Tupaia died on 20 December 1770. This date is confirmed in the muster records of Endeavour. Other dates are suggested by the journals of Joseph Banks and James Cook. Joseph Banks's journal has an entry for 11 November, in which he wrote “We rece [sic] the news of Tupias death”. However, Banks was ill for much of his time at Batavia, and wrote many entries later on, using incorrect dates. James Cook's journal has an entry for 26 December, in which he wrote “we lost... Tupia”. However, this entry is a summary of several events that occurred during the stay in Batavia.
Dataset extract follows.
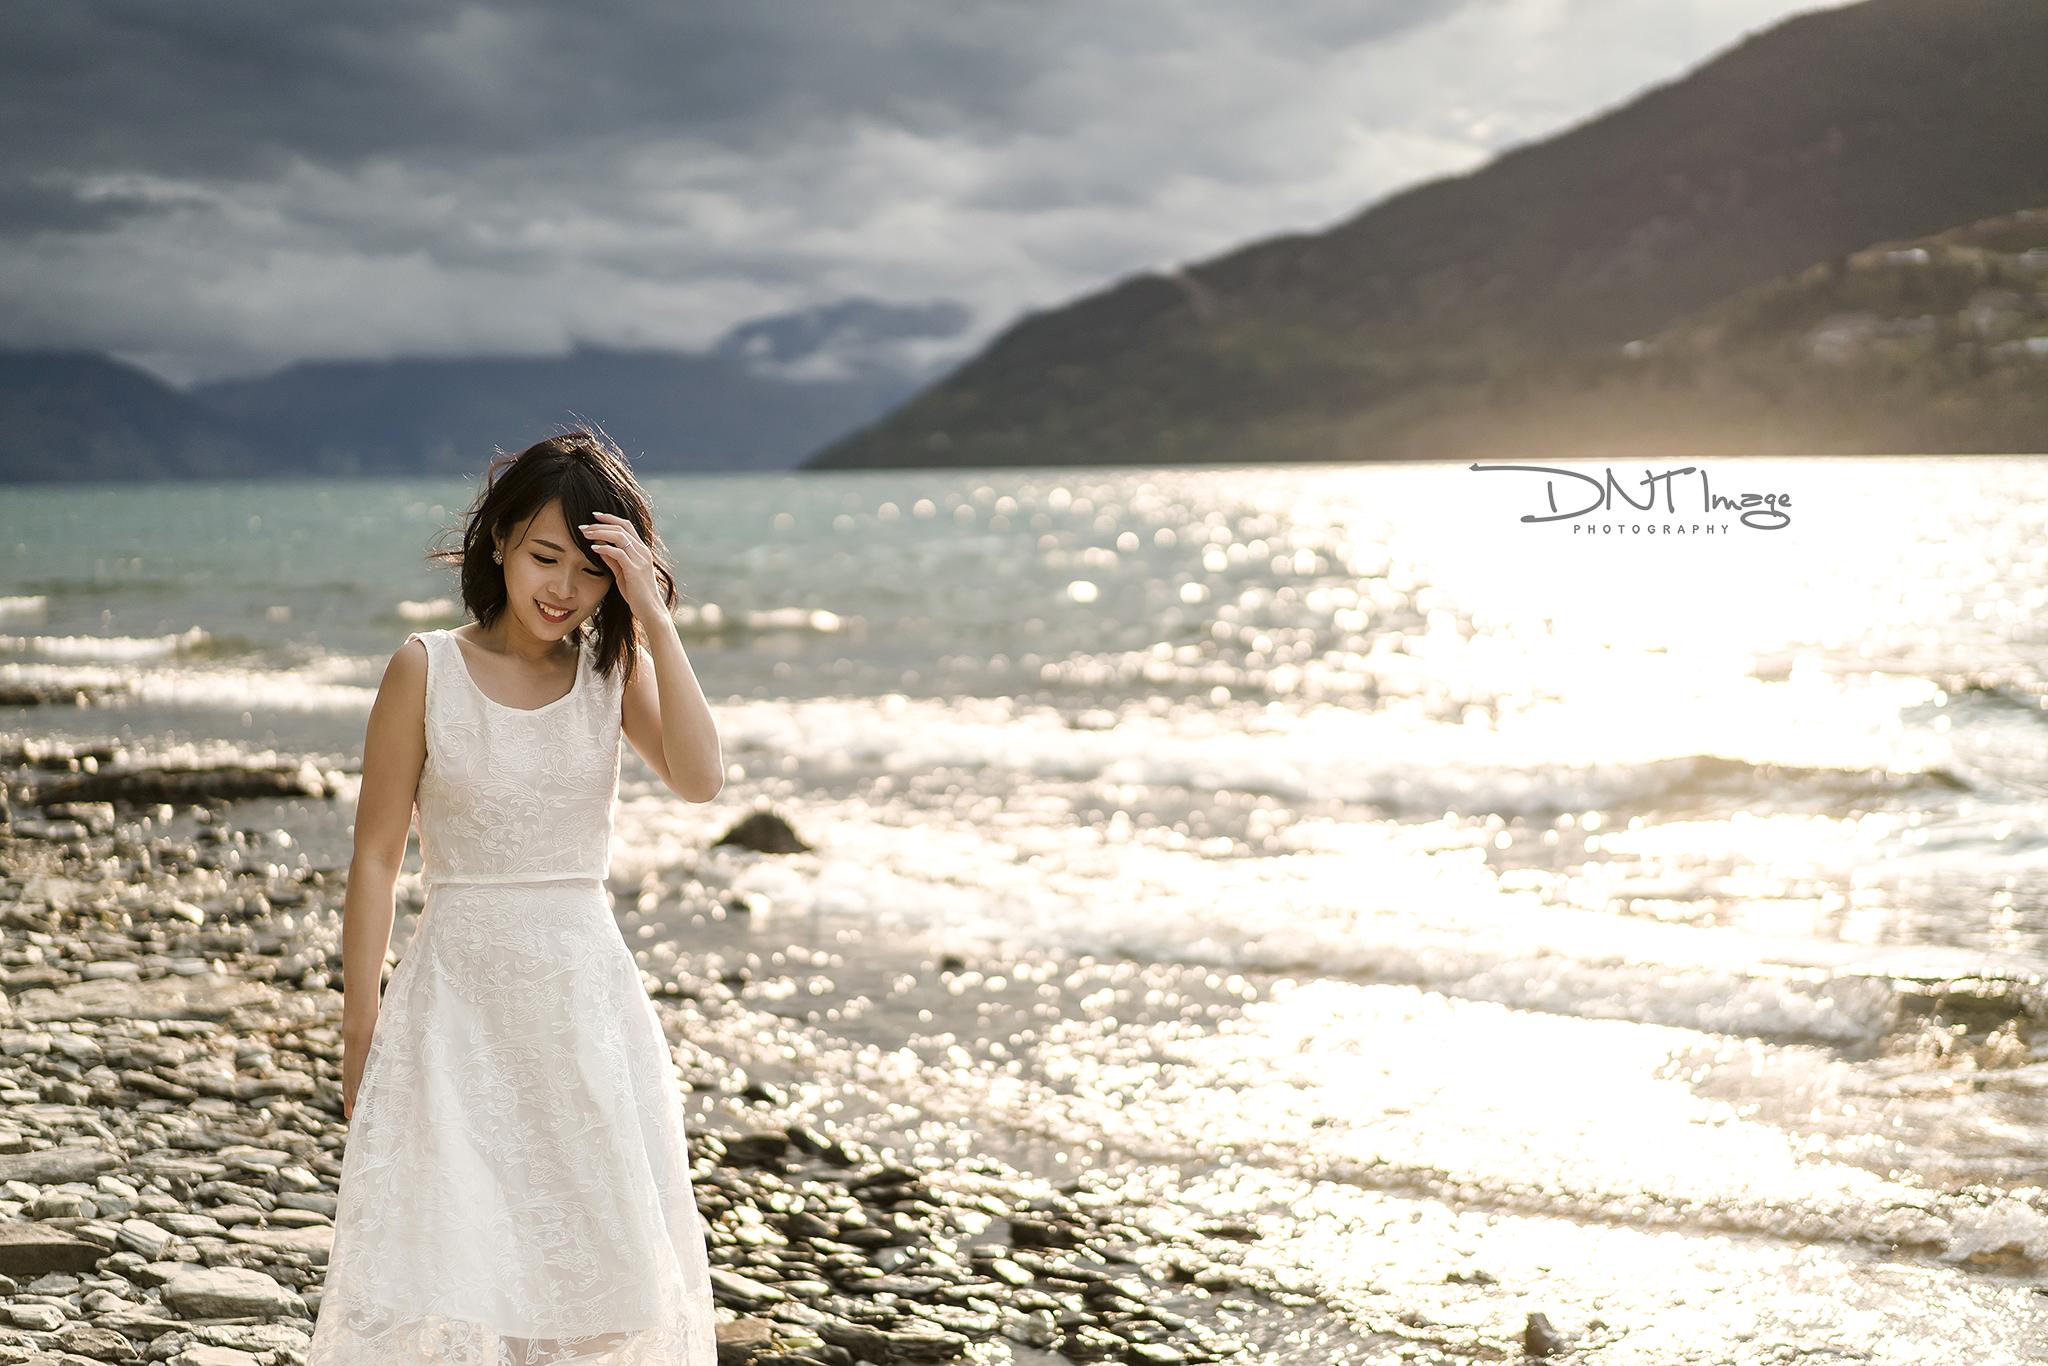 婚攝DD-紐西蘭婚紗-新西蘭婚紗-紐西蘭旅拍-皇后鎮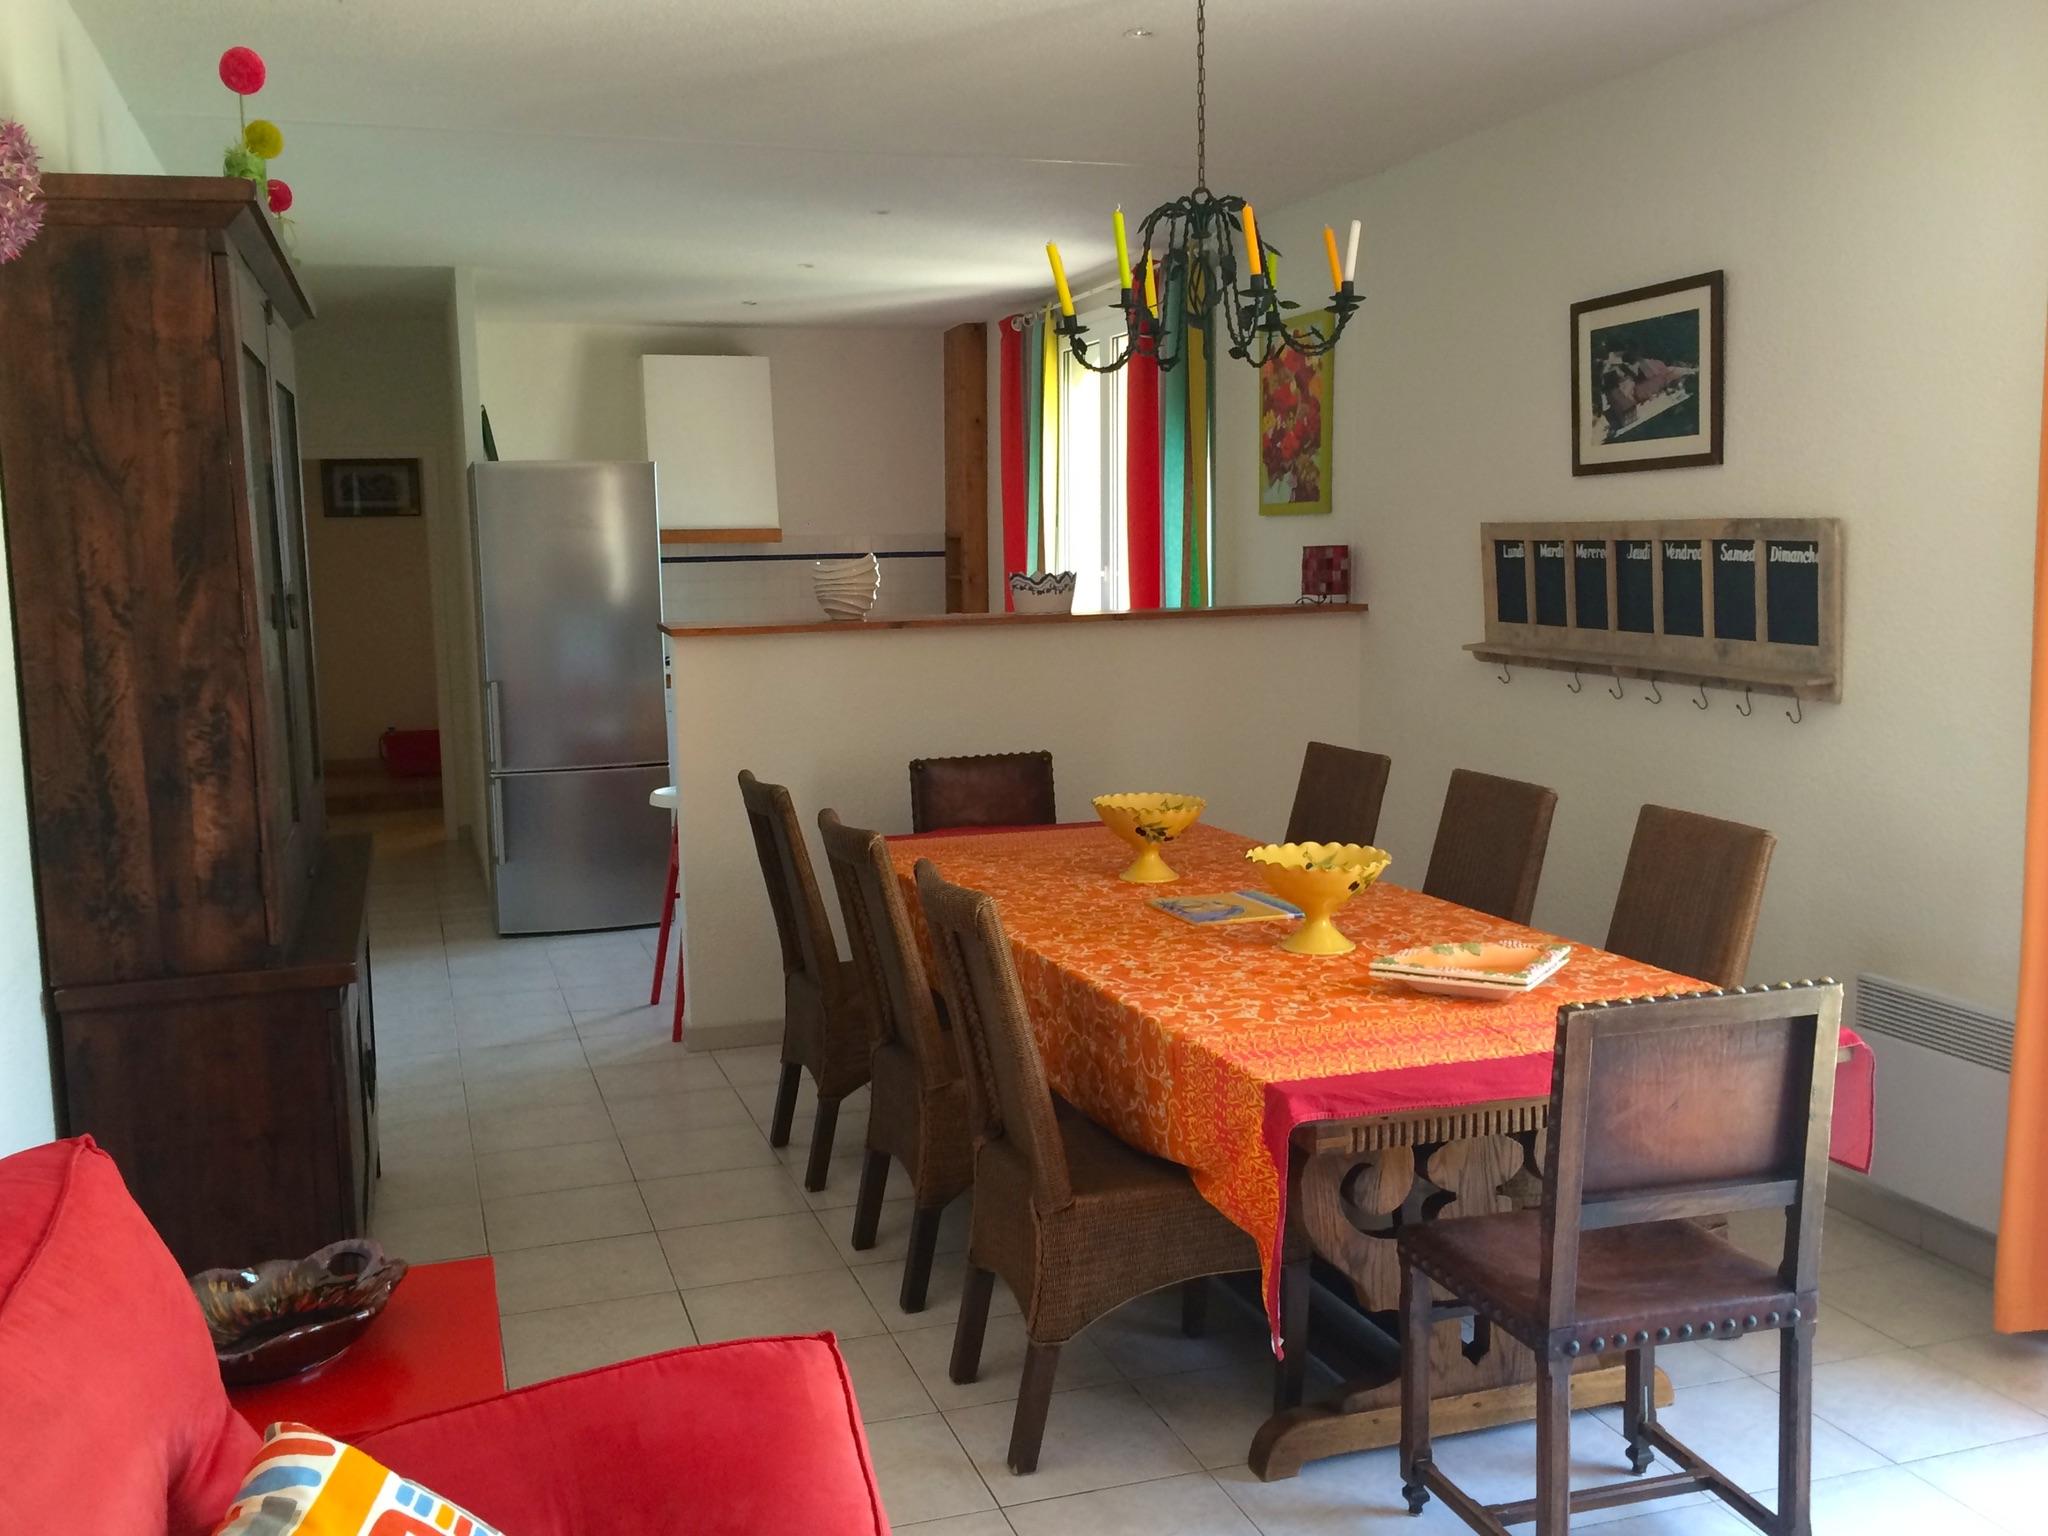 Ferienhaus Charaktervolles Haus in Hérault mit Pool und Garten (2201003), Portiragnes, Mittelmeerküste Hérault, Languedoc-Roussillon, Frankreich, Bild 10

Tupaia died from either dysentery or malaria, both of which were present aboard Endeavour when berthed for repairs in Batavia. Cook recorded his passing in his journal: "He was a Shrewd, Sensible, Ingenious Man, but proud and obstinate which often made his situation on board both disagreeable to himself and those about him, and tended much to promote the deceases that put a period to his life."

==Legacy==
When Cook returned to New Zealand in 1773, the Maori approached his ship shouting "Tupaia! Tupaia!". As Cook noted, "...the Name of Tupia was at that time so popular among them that it would be no wonder if at this time it is known over the great part of New Zealand."

===In popular culture===
In 2021, a trilingual Tahitian-Māori-English opera was made of the life of Tupaia titled Ihitai 'Avei'a - Star Navigator co-composed by Crowded House's Tim Finn and Tom McLeod for New Zealand Opera; it opened in Auckland March of that year.